Sharab believes any agreement would lean heavily on the Abbas-Beilin document of 1995, and the Geneva document penned by senior Palestinian negotiator Yasser Abd Rabbo. "Israeli public opinion can live with the ceiling of both documents," he says.

But even if an agreement is reached on the principles of establishing the Palestinian state this does not, warns Sharab, mean the agreement will be implemented. Olmert's coalition might collapse at any moment leaving Abbas to wait until new elections are held, and all public opinion polls confirm that the secular and extreme religious right will win.

The American administration and regional powers such as Egypt and Saudi Arabia all have an interest not only in maintaining a truce but in speeding up the pace of negotiations between the Palestinian Authority and Israel, argues Sharab. Ahead of the Arab Summit it will reduce the margin for manoeuvring by Syria, Hizbullah and its allies in Lebanon, and could force their hand over the election of a new president. And as his administration winds down Bush is increasingly concerned with chalking up a foreign policy success to offset failures in Iraq and Afghanistan and boost the Republicans in the eyes of the American public.

Ghassan Al-Khatib, vice-president of Birzeit University and a former Palestinian minister and negotiator, does not see the resumption of negotiations as signalling anything dramatic. "Communications between the PA and Israel never stop, even when it is declared they have been frozen," he says. Far more important than the fact that negotiations are happening, he points out, is what the negotiations entail. "The test facing the PA is to transform negotiations into a mechanism for achieving Palestinian and not Israeli interests," he told the Weekly.

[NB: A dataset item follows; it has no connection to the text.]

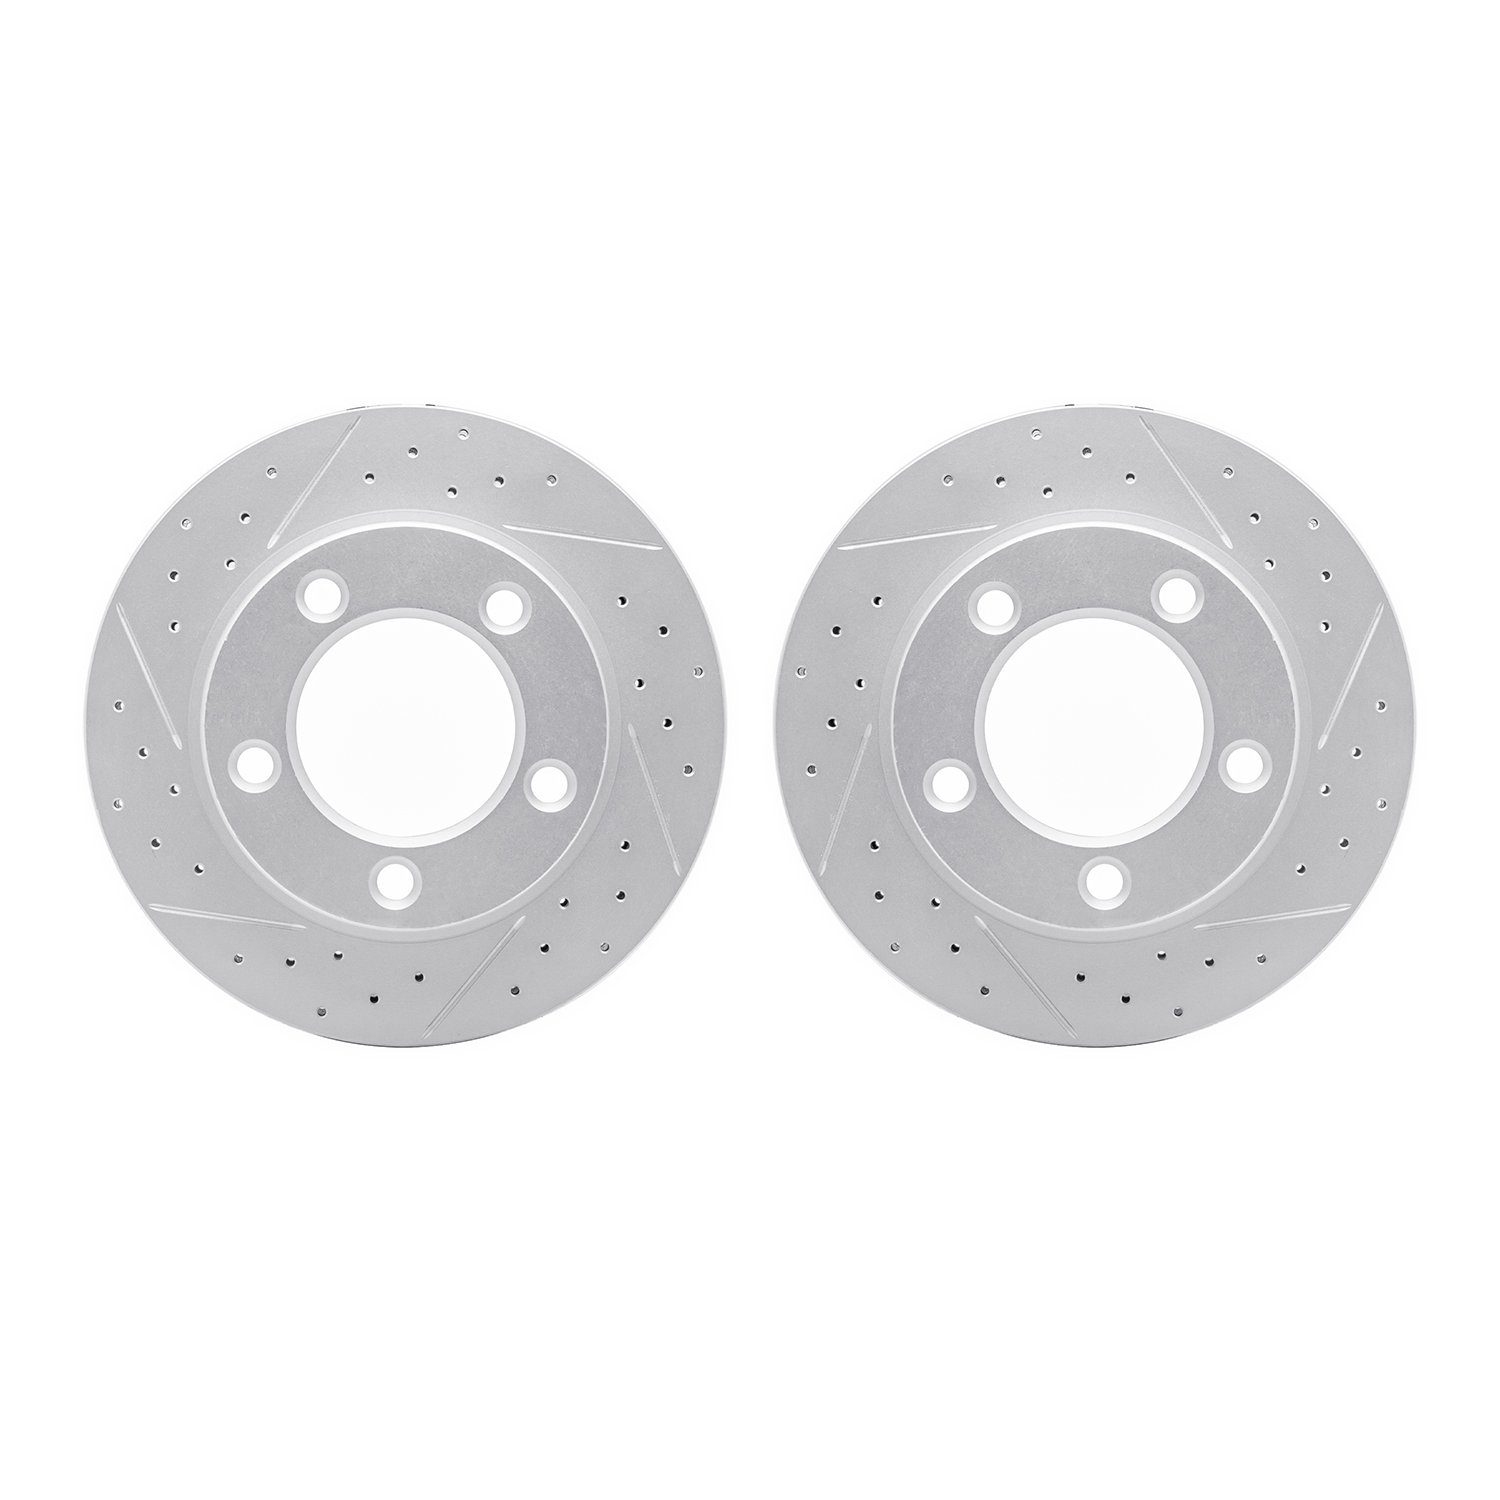 2002-54023 Geoperformance Drilled/Slotted Brake Rotors, 2007-2015 Ford/Lincoln/Mercury/Mazda, Position: Front

Unlike Sharab, Al-Khatib believes that reaching an agreement on the basic principles of a Palestinian state within two months is "unrealistic, not because of the Palestinian party but because the Israeli political environment won't allow it". Yet he adds that, "anything is possible."

"We were taken by surprise in 1993 with the Oslo accords and it could happen again."

Al-Khatib's take on Washington's new-found enthusiasm for negotiations he puts down to its perennial support for Israel. "Israel acts in accordance with the compass of American interests," he said. "America once frowned upon any Arab state holding communications with Hamas, yet after it realised that Israel had an interest in reaching a truce with the movement it asked Egypt to contact Hamas and convince it to reach a ceasefire with Israel."

Yet can the resumption of negotiations signify anything serious given the unprecedented levels of settlement and Judaisation taking place in the West Bank and Jerusalem?

Khalil Al-Tafkaji, director of the maps at the Arab Studies Association and an expert on Israel's settlement policies, believes Israel's decision to step up settlement activity "goes in tandem with negotiations for a permanent solution between Israel and the Palestinian Authority."

"Israel has always counted on delaying discussions on the future of the West Bank and the issue of Jerusalem until the greatest area of land possible has been Judaised," he told the Weekly. "Which leaves the question of what possible Palestinian state they can be talking about. The fact of settlement has prevented any regional continuity between the areas of any possible state."

Saeb Erekat, the Palestine Liberation Organisation's chief negotiator, rejects the criticisms directed at President Abbas for agreeing to resume negotiations with Israel at a time when Israel has announced the start of numerous settlement projects in the West Bank and Jerusalem. He notes that the negotiations that begin today will take place on the level of an American- Palestinian-Israeli committee "so as to place the American administration before its responsibilities".

"We realise that Israel, through its decisions to step up settlement activity, is destroying the basis on which any new negotiations could be held, but we want to hear from the Americans their position on what Olmert's government is doing in the presence of the Israelis," he told the Weekly.

Asked whether early May was a feasible date for announcing the principles governing any Palestinian state, Erekat's answer was a simple "no".